6. Exporting Tag-Based Findings to CSV for Reporting

Automate your reporting by exporting the results for a specific tag to a CSV file, which can be shared with stakeholders or ingested into other tools.

 Export all 'Data' tag controls to a CSV file for further analysis
Get-MaesterAssessment | Select-Object -ExpandProperty Controls | Where-Object Tags -Contains "Data" | Export-Csv -Path "C:\reports\Maester_Data_Assessment.csv" -NoTypeInformation

Step-by-step guide:

This command builds upon the previous filtering technique. After isolating all controls with the “Data” tag, it pipes the results to Export-Csv. The `-Path` parameter defines the location and filename for the output. The `-NoTypeInformation` switch removes a metadata header from the CSV, making it cleaner for data analysis in Excel or Power BI.

  1. Creating a Custom Summary Report with Multiple Tags

For a comprehensive view, you can create a script that aggregates results from several critical tags into a single, custom report.

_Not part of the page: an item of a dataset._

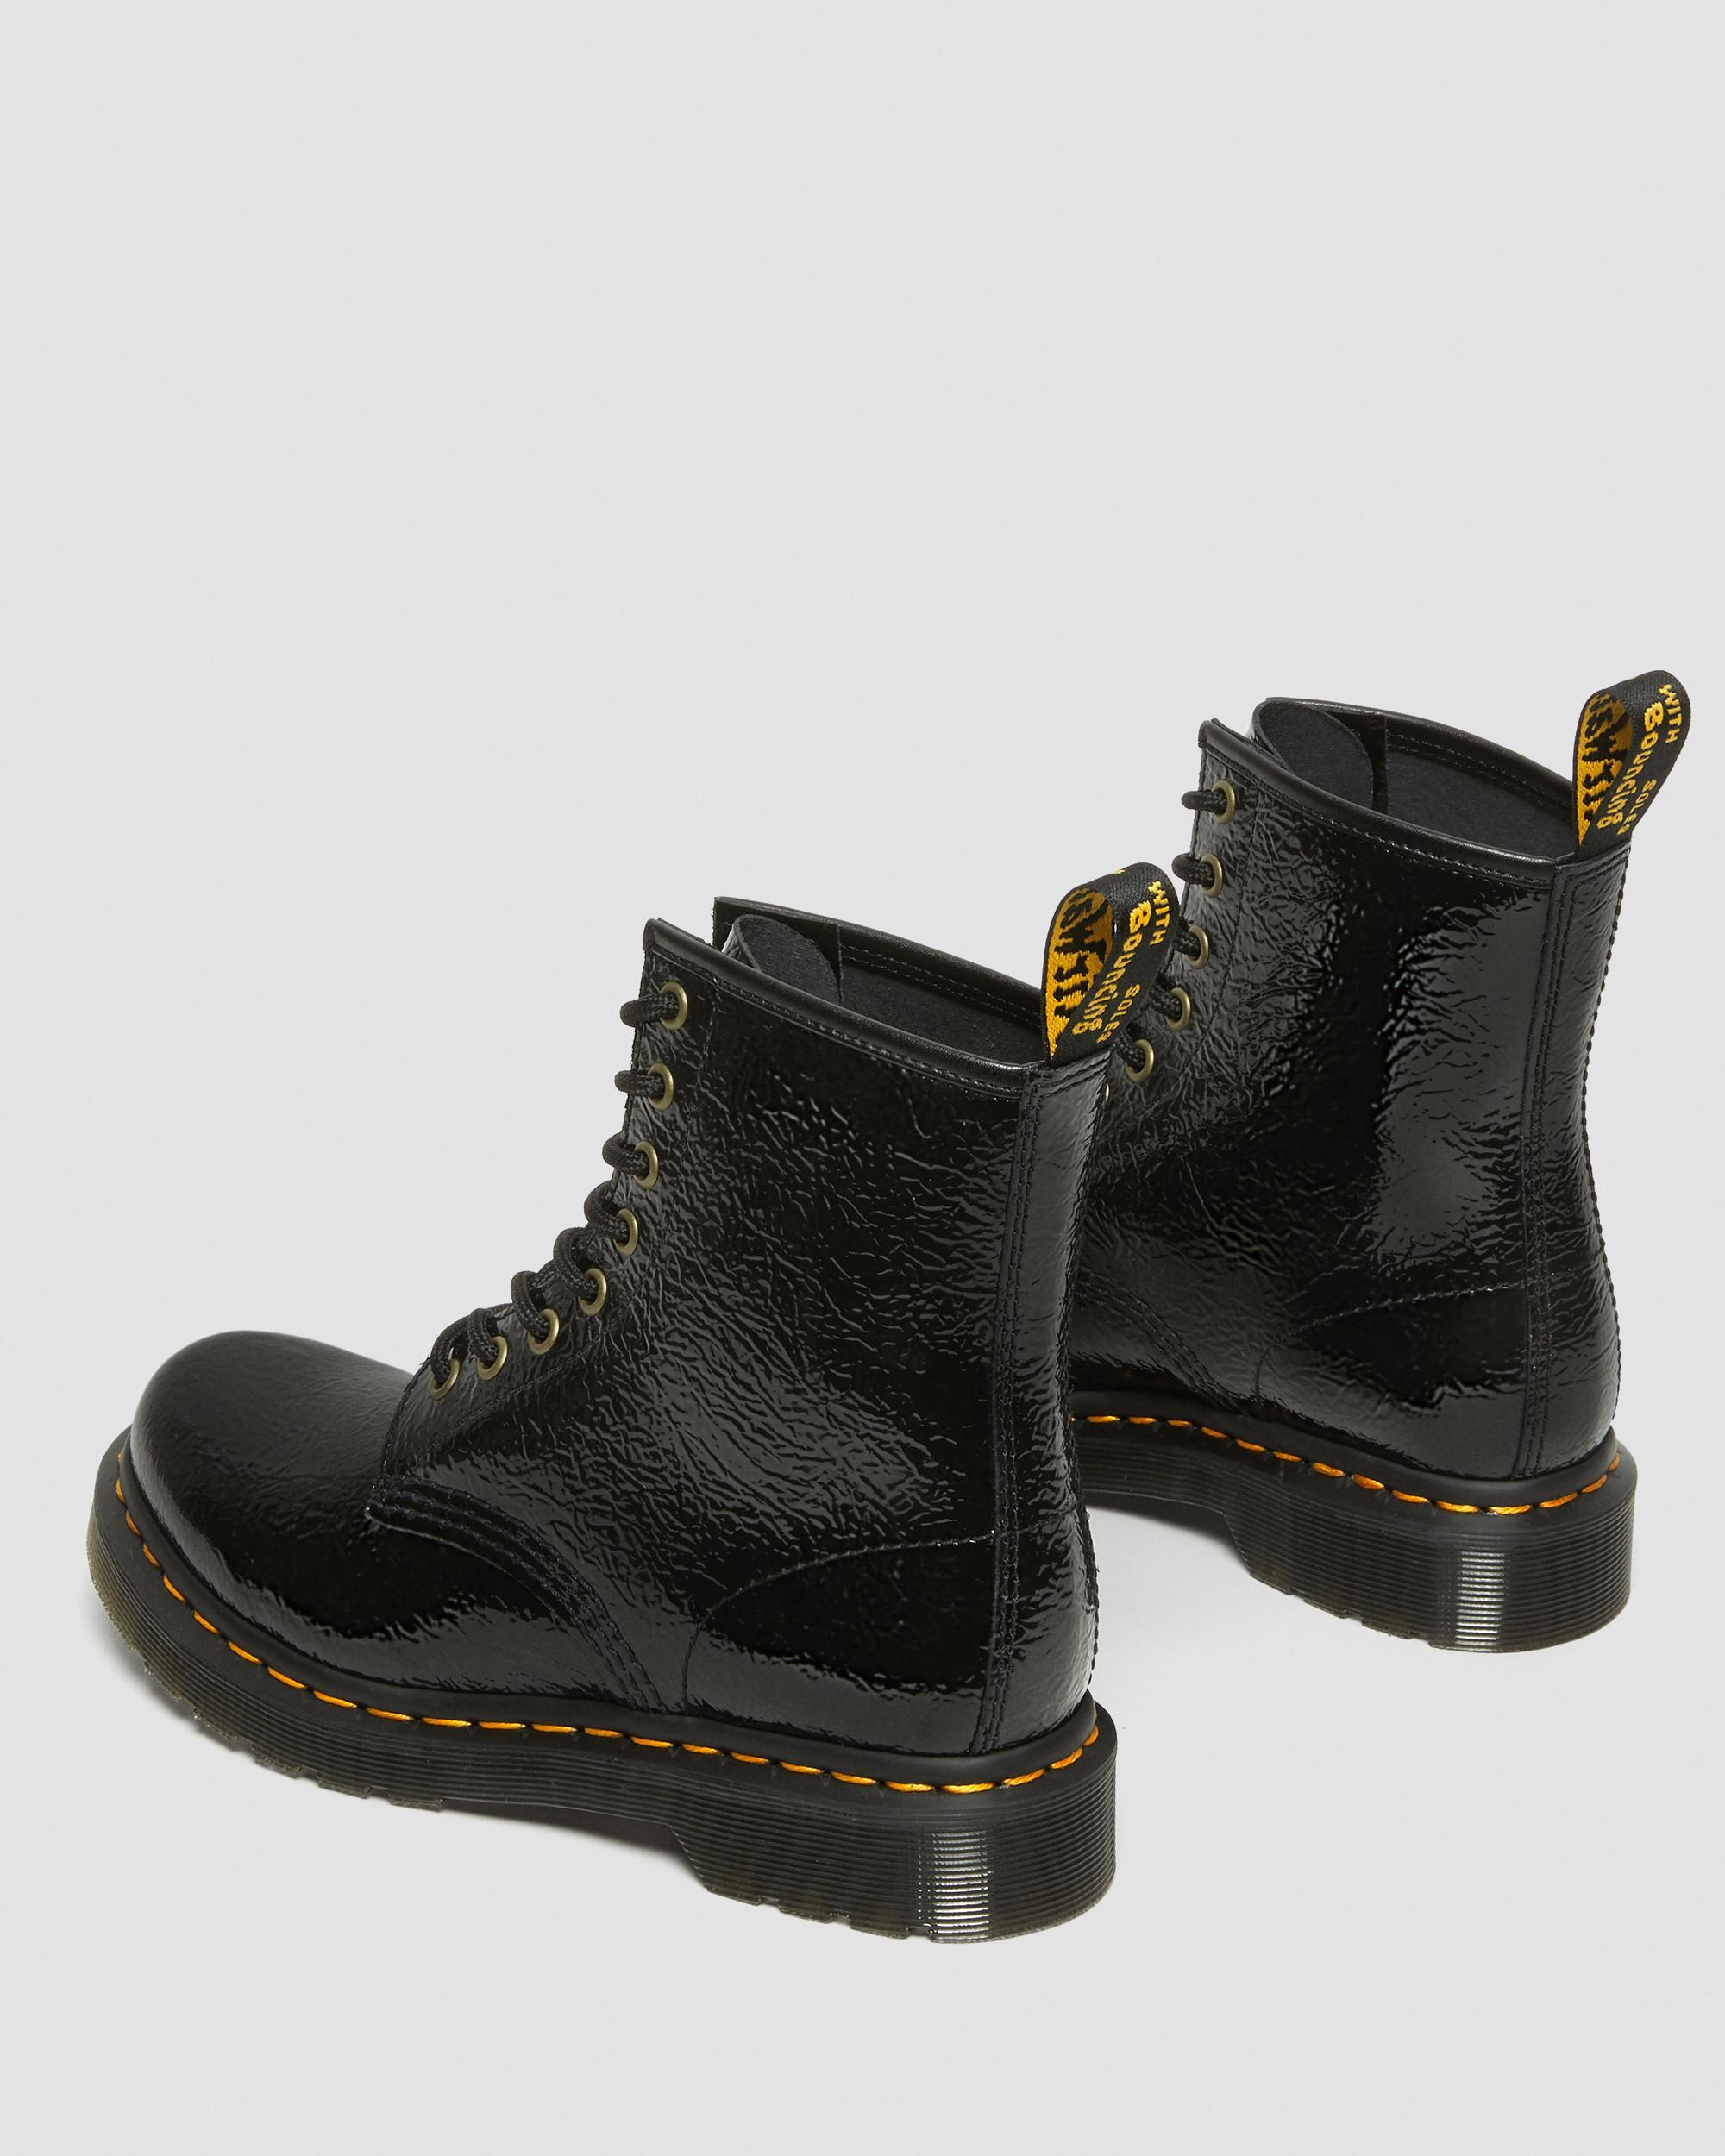 Dr. Martens 1460 Women's Distressed Patent Leather Boots in Black | Lyst

 Create a custom report focusing on Identity, MFA, and Purview tags
$TagsOfInterest = @('Identity', 'MFA', 'Purview')
$Report = foreach ($Tag in $TagsOfInterest) {
$Controls = Get-MaesterAssessment | Select-Object -ExpandProperty Controls | Where-Object Tags -Contains $Tag
[bash]@{
Tag = $Tag
TotalControls = $Controls.Count
PassedControls = ($Controls | Where-Object Result -EQ 'Pass').Count
PassRate = [bash]::Round((($Controls | Where-Object Result -EQ 'Pass').Count / $Controls.Count)  100, 2)
}
}
$Report | Format-Table -AutoSize

Step-by-step guide:

This advanced script defines an array of tags you want to report on. It then loops through each tag (foreach), calculates the total number of controls, counts how many passed, and computes a pass rate percentage. The results are assembled into a custom object and finally displayed in a formatted table. This provides a powerful, at-a-glance summary of your key security domains.

What Undercode Say:

  • Strategic Focus Overwhelms Generic Scores: The true power of Maester’s tagging is its ability to deconstruct a monolithic security score into actionable, domain-specific insights. This forces a shift from “what’s our score?” to “how is our identity protection?” or “is our data governance effective?”.
  • Automation is the Endgame: While the GUI provides immediate value, the real strategic advantage lies in the PowerShell API. The ability to programmatically extract, report, and even integrate these findings into SIEMs or GRC platforms is what transforms a point-in-time check into a continuous monitoring and compliance workflow.

The introduction of a tag-based assessment model represents a maturation point for cloud security tools. It acknowledges that different organizations and even different teams within those organizations have varying priorities. A data loss prevention team cares little about device compliance scores, and vice-versa. By enabling this granularity, Maester is not just providing data; it’s providing context. The future impact of this is a move towards highly personalized security dashboards and automated remediation playbooks that are triggered not by a drop in an overall score, but by a failure in a specifically tagged control that is critical to a defined business process. This is a significant step from reactive security to proactive, business-aligned risk management.

Prediction:

The methodology of tagging security controls, as pioneered by tools like Maester, will become a standard feature across the cloud security posture management (CSPM) landscape. We predict this will evolve beyond simple categorization into dynamic, AI-driven tagging based on real-time threat intelligence. For instance, a new phishing campaign targeting a specific SaaS application could automatically generate a high-priority tag and assessment for related MFA and conditional access policies, enabling security teams to instantly gauge their exposure to active threats, not just static compliance frameworks. This will fundamentally shift security posture from a periodic audit to a live, contextual, and intelligent defense system.